Revealed: US law enforcement claimed emojis could signal Tren de Aragua affiliation [View all]
Source: The Guardian
Fri 19 Sep 2025 07.30 EDT
Last modified on Fri 19 Sep 2025 13.19 EDT
US law enforcement officials have claimed that the use of certain emojis could signal affiliation with Tren de Aragua (TdA), a Venezuelan gang, according to internal records reviewed by the Guardian.
The Federal Bureau of Investigation (FBI), Customs and Border Protection (CBP), the US army and other agencies have alleged in briefings, threat warnings and training materials for law enforcement that specific symbols used on social media are associated with Tren de Aragua, a group Donald Trump has regularly cited to support his immigration crackdown.

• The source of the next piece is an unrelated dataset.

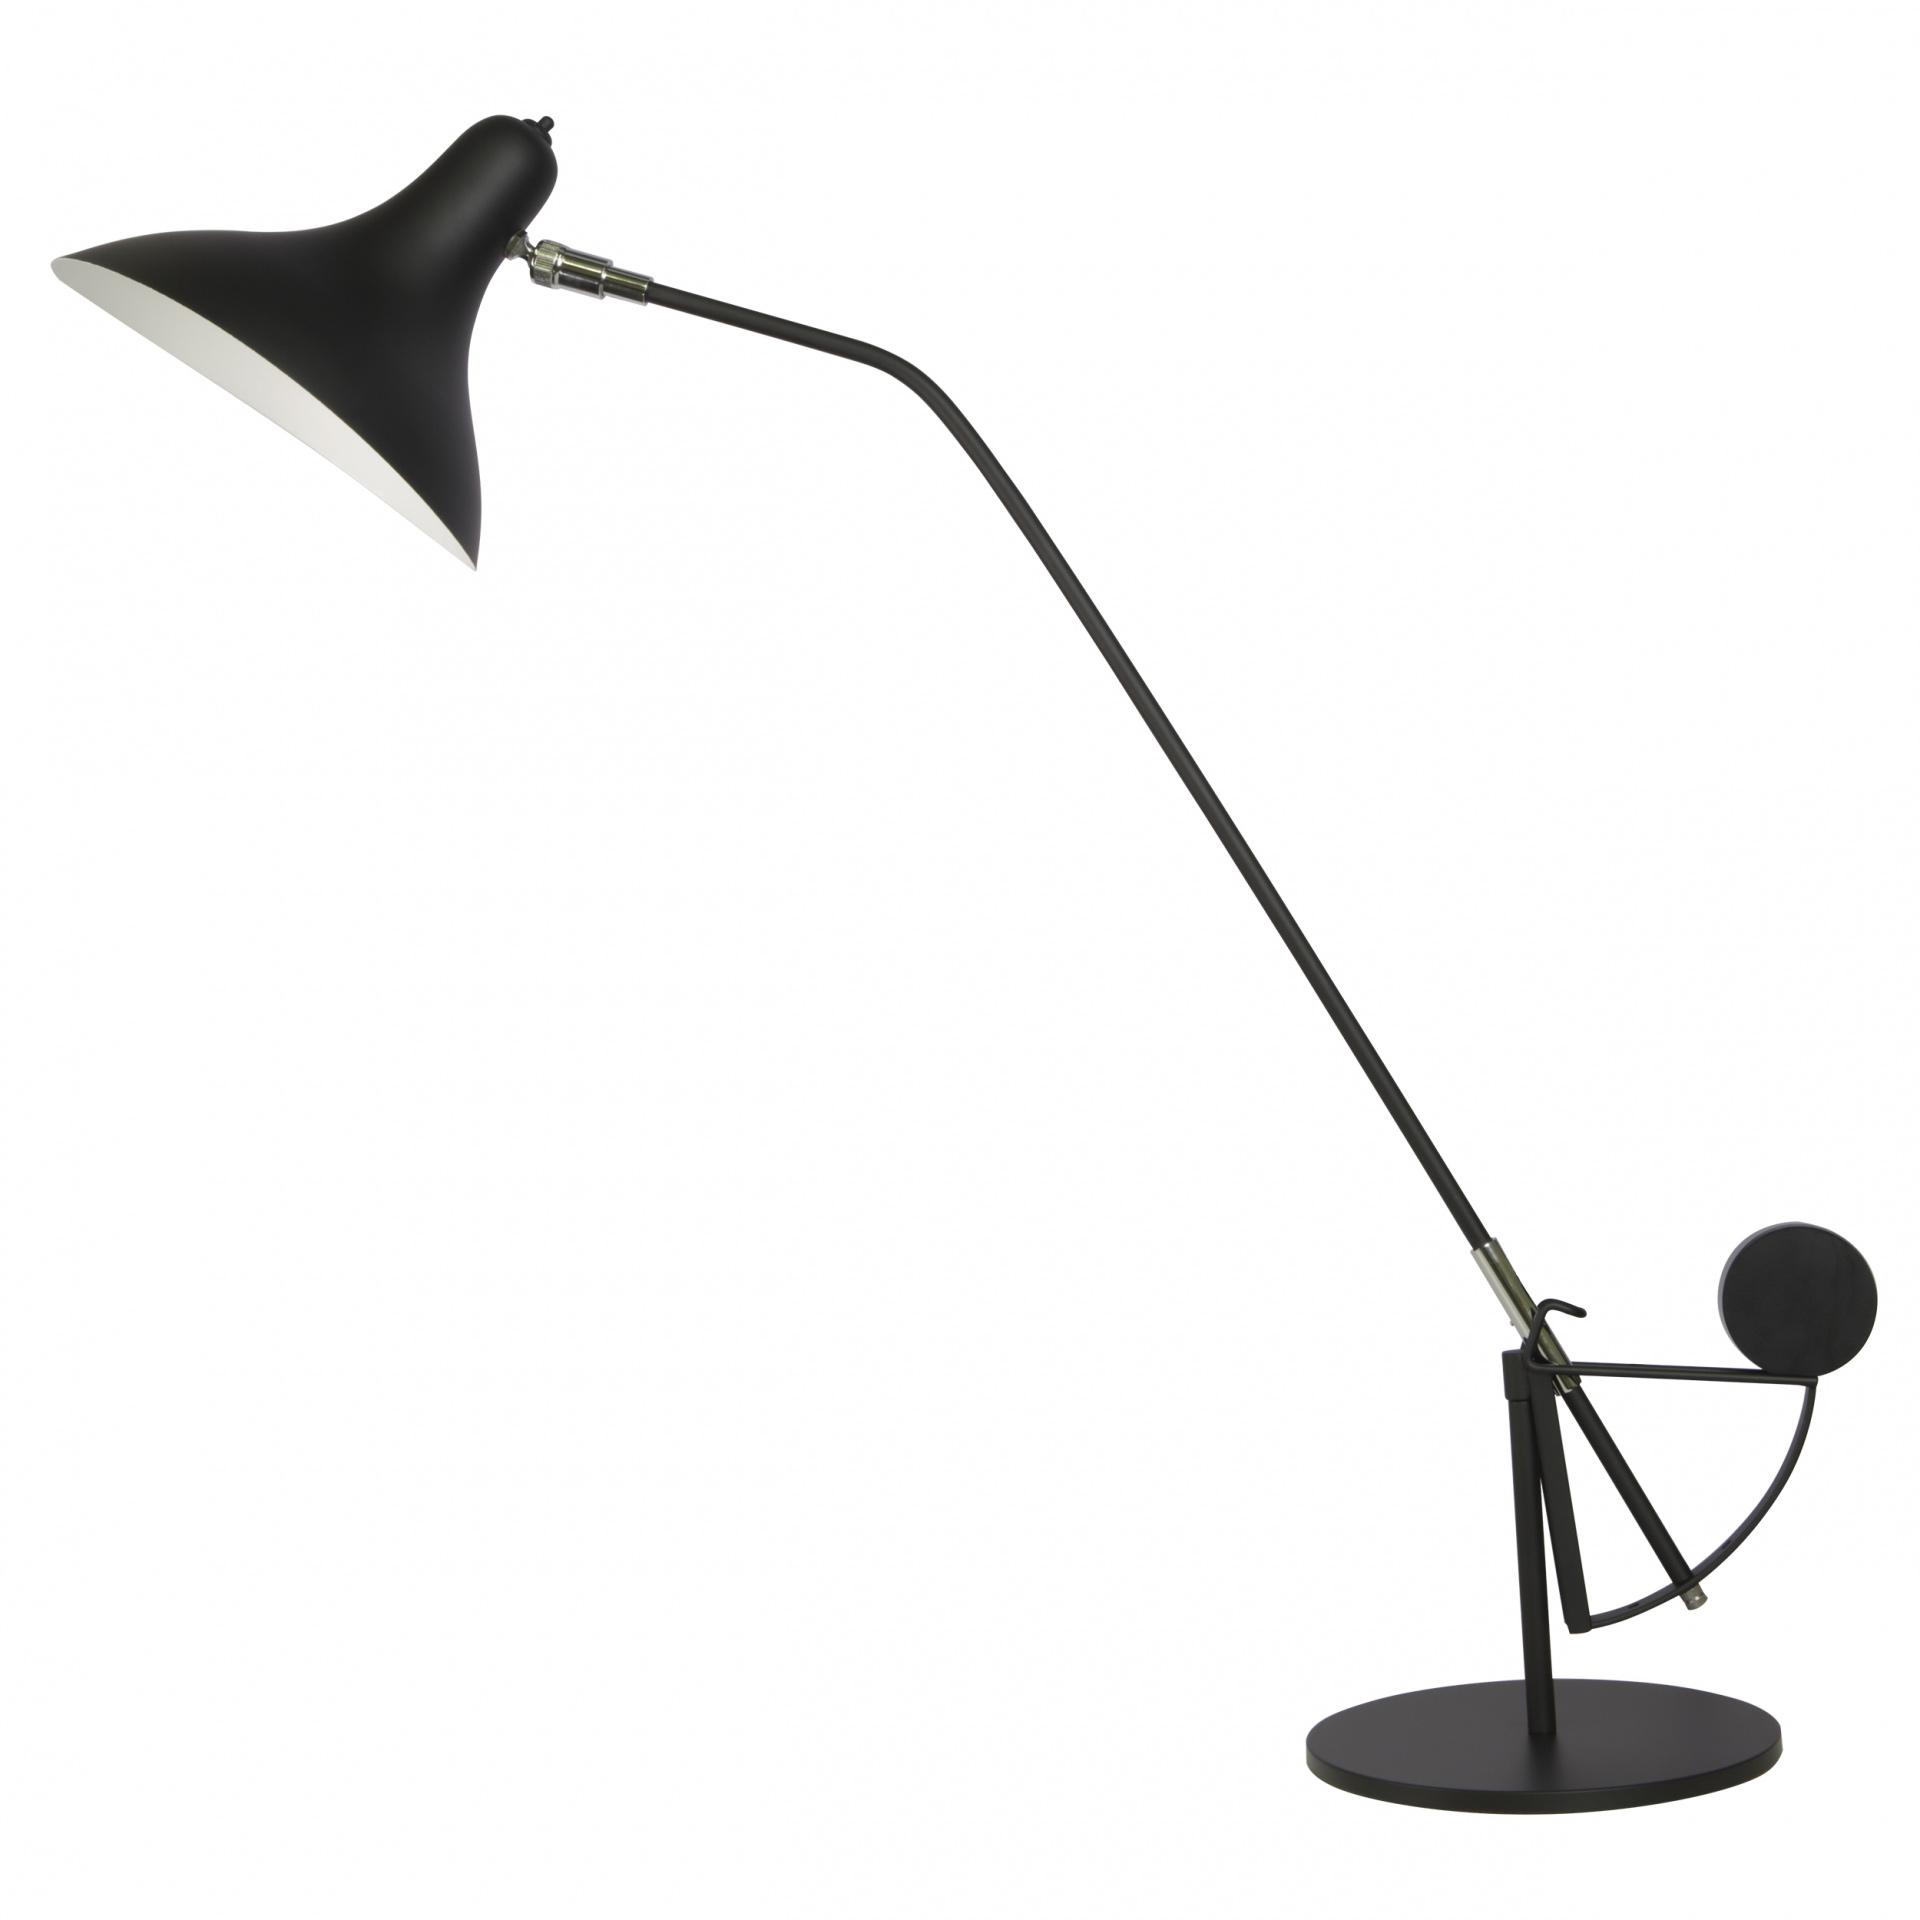 Настольная лампа Manti 1х40W E14 Black Lightstar 764907, купить в СПб, Москве, с доставкой, Санкт-Петербург, интернет-магазин люстр и светильников Starlight, фото в жизни
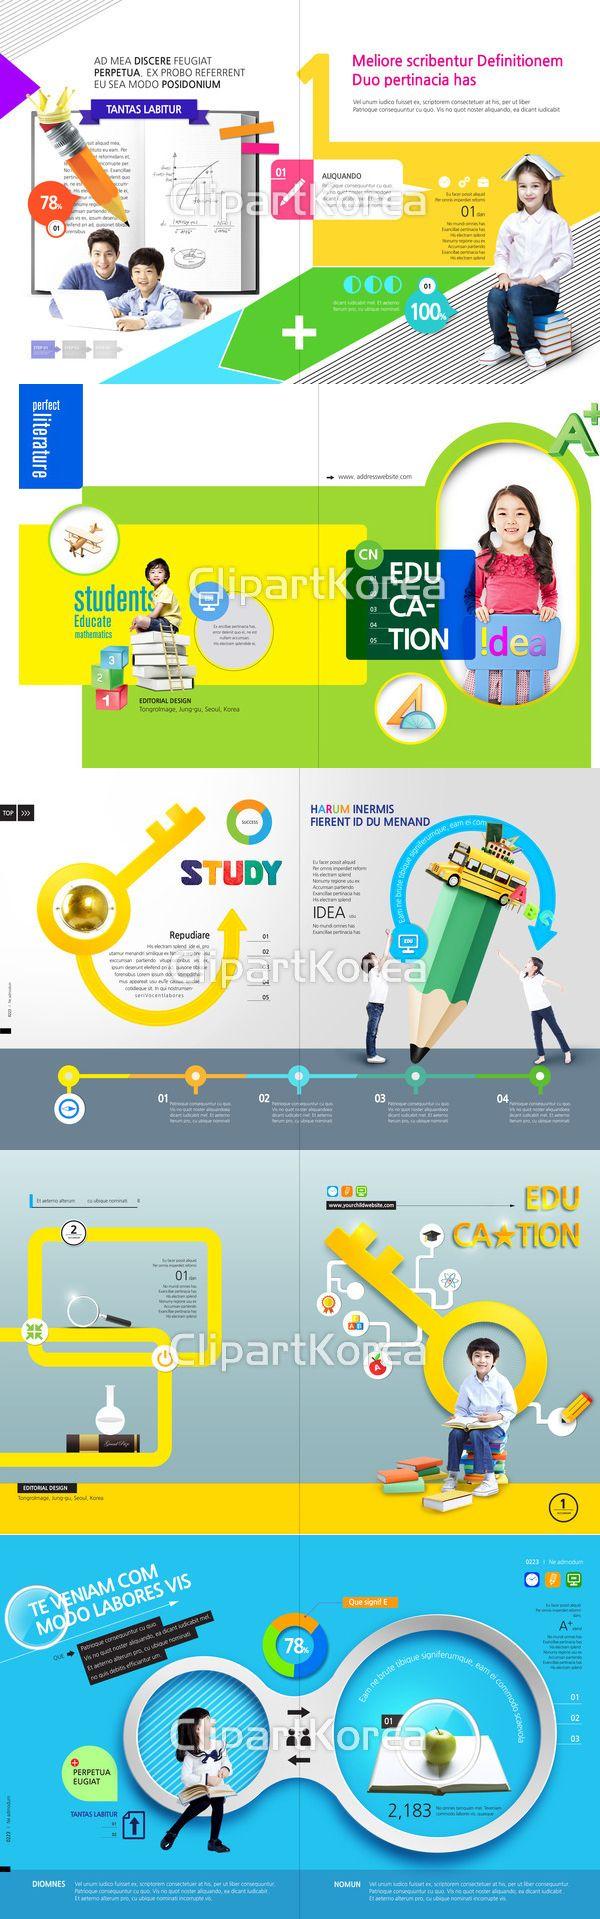 교육 / 어린이 관련 편집 디자인 모음입니다:) The collection of editorial design #클립아트코리아…

The emoji claims, repeated by the New York police department (NYPD), were made in four reports disseminated among law enforcement officials in 2024 and 2025 and obtained through records requests by Property of the People, a government transparency non-profit. Emojis that officials claimed were commonly used by Tren de Aragua and part of members code language include trains, swords, ninjas, aliens and strawberries.
Gang experts and immigration attorneys who reviewed the records said the claims were ludicrous, uneducated and baseless and raised concerns that authorities could cite emojis to erroneously label people as Tren de Aragua members allegations that can have dire consequences, including deportation.